Despite the lackluster story, I consider FE Fates Conquest to have the best game play of the series. This game takes it as a basis, and attempts to refine it even further, while also adding in a lot of unique mechanics.

Probably the most unique concept of the game: You can do good in the real world to effect the world of the game. The game's setting is similar to the world from Neverending Story, separate from our own world but linked. Suffering in our world manifests as shadow monsters in that world, and goodwill in our world manifests as divine aid. Mechanically, this is represented by being able to get in-game bonuses by donating to real world charities.

It's not that you just get "pay to win" stuff and trivialize the game. Instead, you get things that can positively effect the story like reviving dead characters, getting special reclass options, bonuses to supports ala Seeds of Trust, etc. I want to make a game that takes the science of freemium games, and uses it for good instead of evil. Also, I want the game to feel cozy but not purely escapist like Animal Crossing, since you can look on the tranquility you've created in this fantasy world and feel good about it.

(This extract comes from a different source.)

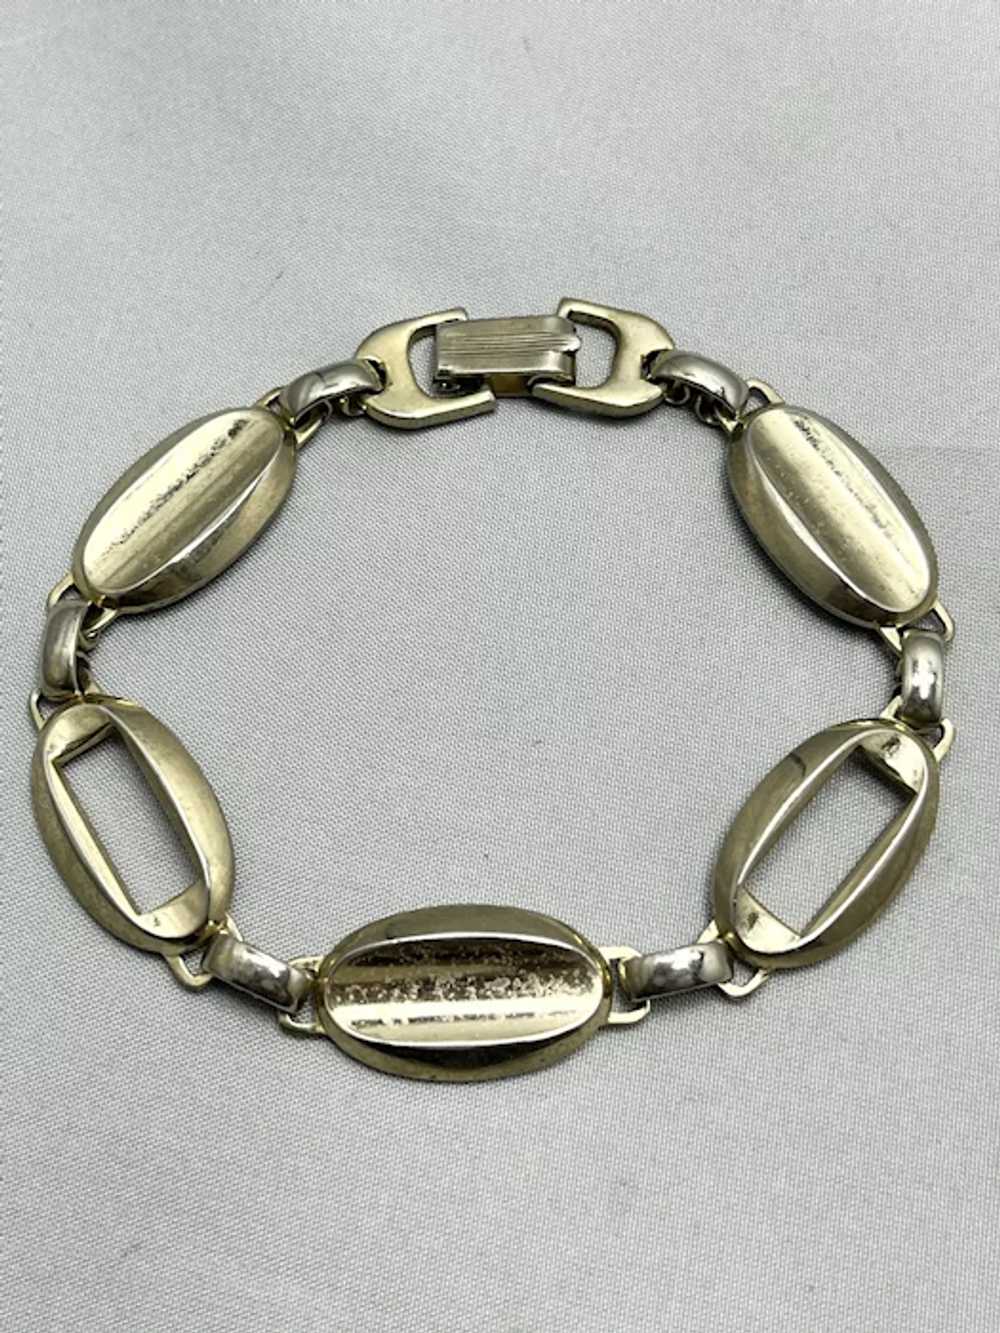 Vintage Marino Gold Tone Chain Bracelet - image 2

The story takes place in a kingdom plagued by these encroaching shadows. The privileged of this kingdom live safe behind the capitol city's walls. The rest live in small villages on the outskirts, constantly prey to monster attacks. It is a difficult life in the outskirts, and few make it past their 20s. The protagonist is an orphan child living in one of these villages. He begins to hear the voice of an otherworldly being (aka the player), and similar to Joan of Arc, follows this voice to become an unexpected tactician. He ends up leading a small but growing band of villagers and other vagabonds, eventually coming into conflict with the king's regime and many other factions in a quest for deliverance.

Other Features:

Non-Linear Plot: Minor arcs and major arcs are triggered by and feed into global variables like the player's reputation with certain factions, or things like "the protagonist's faith of themselves as a leader" and relationship levels between characters.

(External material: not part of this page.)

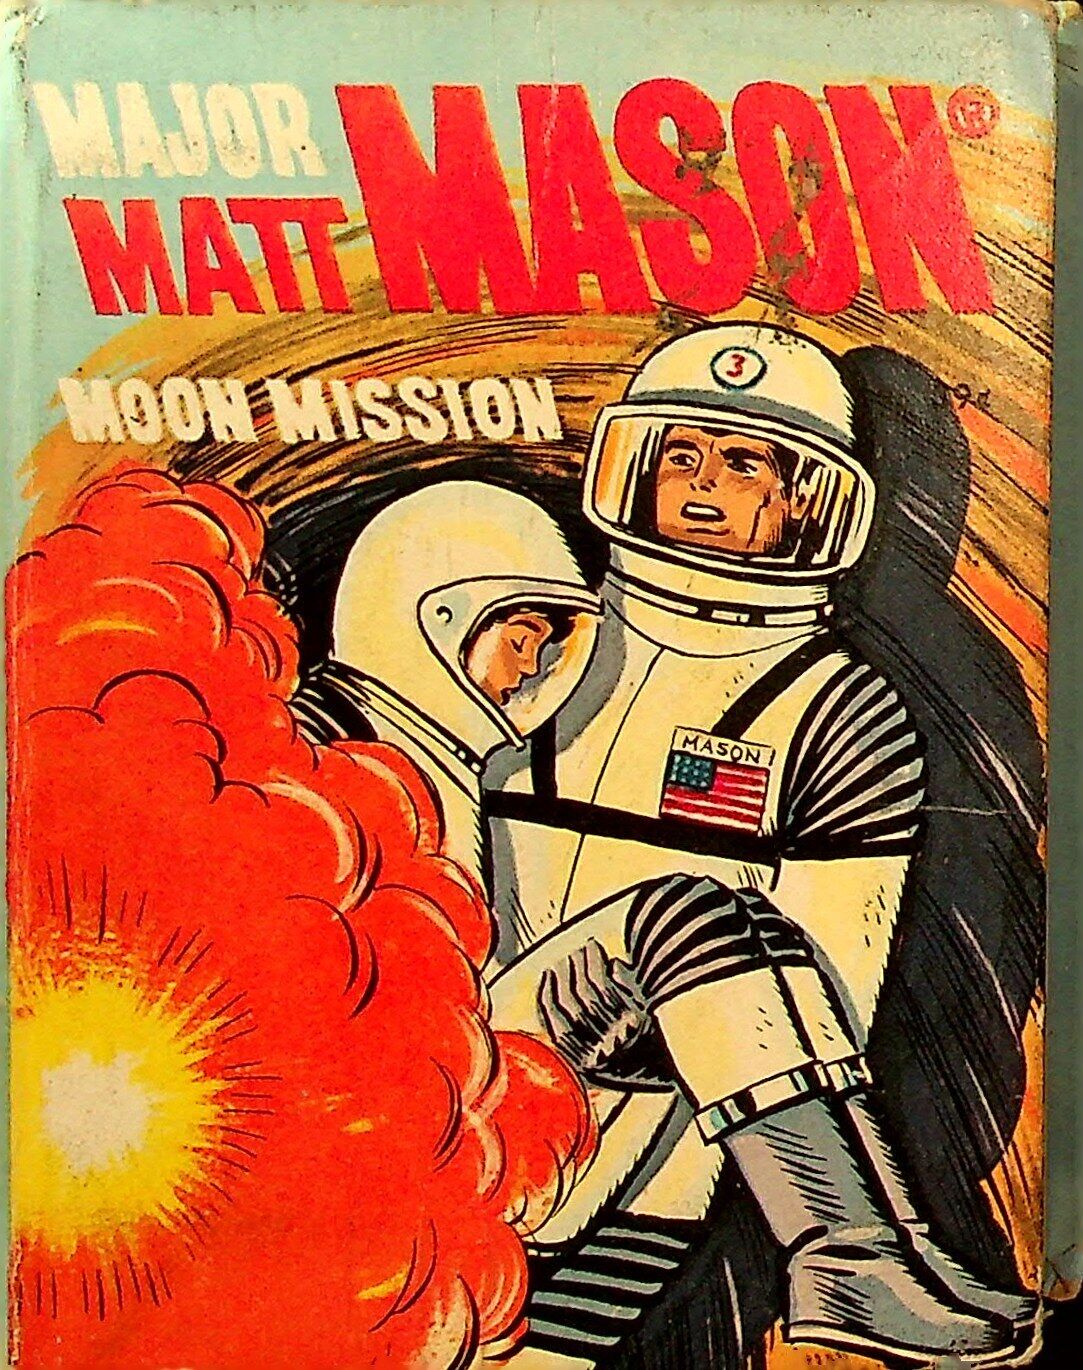 Major Matt Mason Moon Mission 2022 FN 1968

Rich Chapter Design: Chapters have multiple ways to win, as well as lots of optional side objectives, each of can affect the direction of the plot. Nearly all maps have some element of time pressure, and you can't just use the same tactics of turtling or easy baiting.

Focus on Consumables: Weapon durability is back. There are some crazy staves, and using them effectively is key to getting through chapters without deaths. There's no grinding in the game, and player's must manage their resources carefully.

Rebalanced Weapon Triangle: takes some ideas from Fire Emblem Fates and some from Fire Emblem Heroes. Nothing is neutral on the weapon triangle, like bows and magic. The weapon triangle is tied to an elemental trinity in the game.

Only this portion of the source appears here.